July 25 (Bloomberg) -- What does a market top look like?
That’s the question on a lot of people’s minds these days, and it’s not an easy one to answer. Almost half the investment professionals surveyed by Bloomberg last week said the equity market is close to unsustainable levels. Bold-faced pundits from Jeffrey Saut at Raymond James Financial Inc. to Leuthold Group Llc’s Doug Ramsey and Tony Dwyer at Canaccord Genuity Group Inc. have called for near-term weakness in stocks.
So on a sunny Friday in July, a perfectly reasonable activity for investors (not to mention columnists low on ideas) is to hop aboard a time machine and travel back to the last major market peak and see if the pundits were warning of impending doom. The Internet Archive’s Wayback Machine allows you to do just that, so buckle up!
The top story on Bloomberg.com on Oct. 9, 2007, hints at an economic tragedy still in the first act: “Northern Rock Plc, the U.K. mortgage lender bailed out last month by the Bank of England, said the government will guarantee deposits until financial markets become less volatile. The shares rose the most ever.”
However, the deal machine was humming along nicely: Four takeovers totaling more than $10 billion are headlined on the front page. Everything from a light-socket distributor and Turkish shipping firm to a U.K. sewer company are in play.
And what about those pundits? A podcast reveals Tom Keene asking Deutsche Bank AG strategist Binky Chadha a tough question: Can stocks go up with so much gloom in the economy?
Stocks will rise so long as there’s no recession, Chadha says, and “the probability is significantly higher than 50 percent that we are not going to have a recession.”

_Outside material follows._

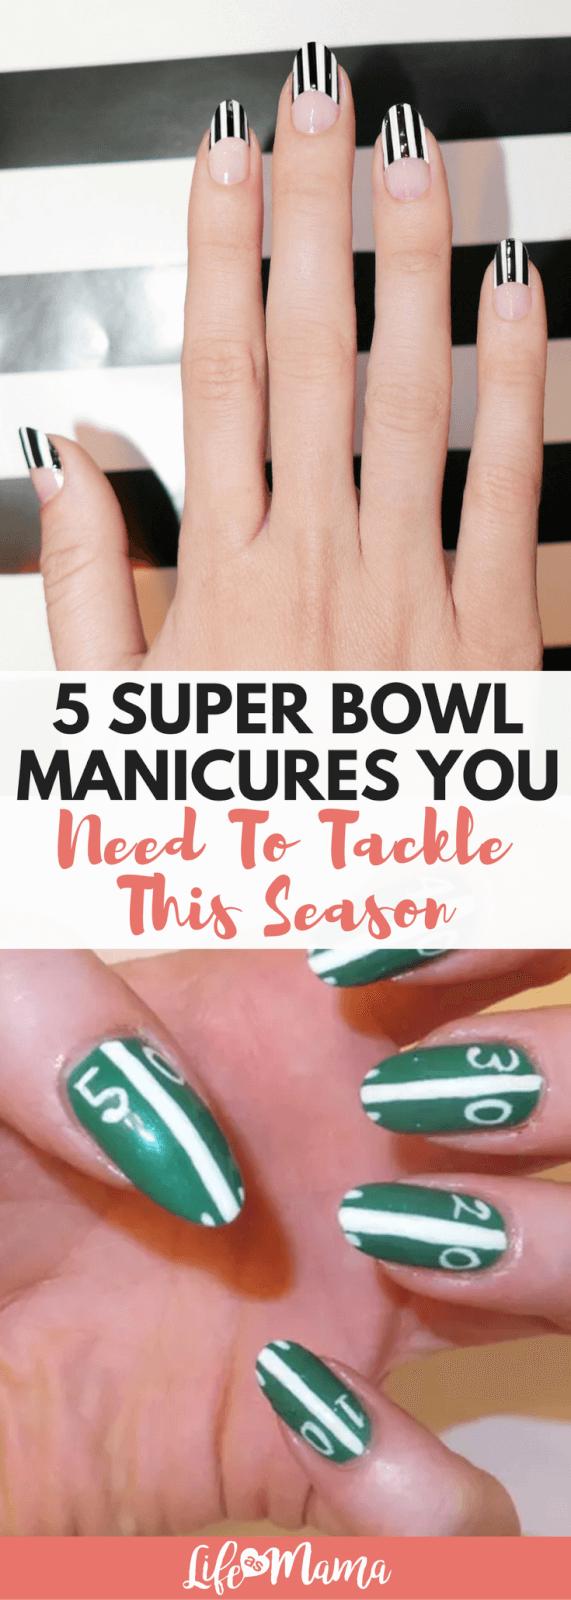 super bowl manicures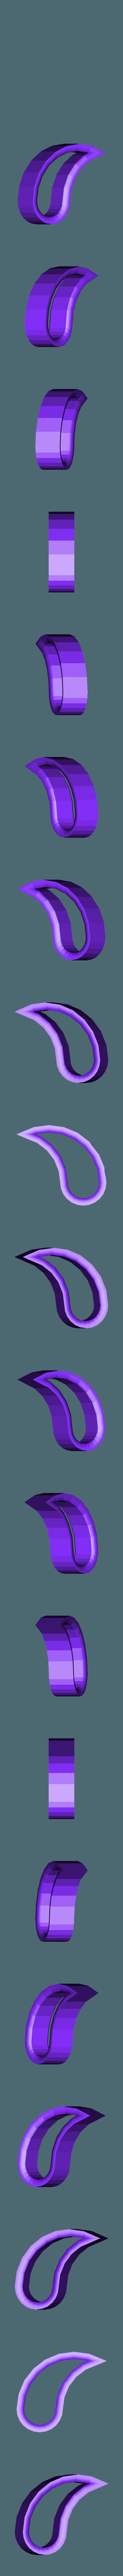 block fenetre partie interieur pla.stl Download STL file Door & Window Block • 3D printer model, YOHAN_3D

“Is there a specific industry group, category, sector that you find particularly attractive?” Tom asks.
“Right now I think the biggest trade is clearly the diversified financials -- the brokers, Wall Street,” Chadha responds. Chadha is no longer chief U.S. equity strategist at Deutsche Bank. (He’s chief global strategist.)
Another link on the Oct. 9, 2007, home page reveals a video of Jeffrey Kleintop of LPL Financial Corp. telling Bloomberg Television that stocks should keep rallying. He calls for another 3 percent gain in the Standard & Poor’s 500 Index to 1,600 by the end of the year. He indicates growing pessimism is a contrarian buy signal.
“This probably gives us fuel to further this bull a little bit further as investors finally begin to embrace this rally,” Kleintop says.
It’s all so encouraging that readers would be forgiven for leaving the financial sites on Oct. 9, 2007, in search of lighter topics. And boy, the New York Post delivers! Page Six describes how Britney Spears’s sister, Jamie Lynn, rushed to her defense when a Bel Air neighbor screamed at the pop star to “go away.” Poor Britney also missed her first supervised visits with sons Sean Preston and Jayden James and called the police because she mistakenly thought her house had been broken into.
For the most part, the market is a lot quieter than it was then. So is Britney.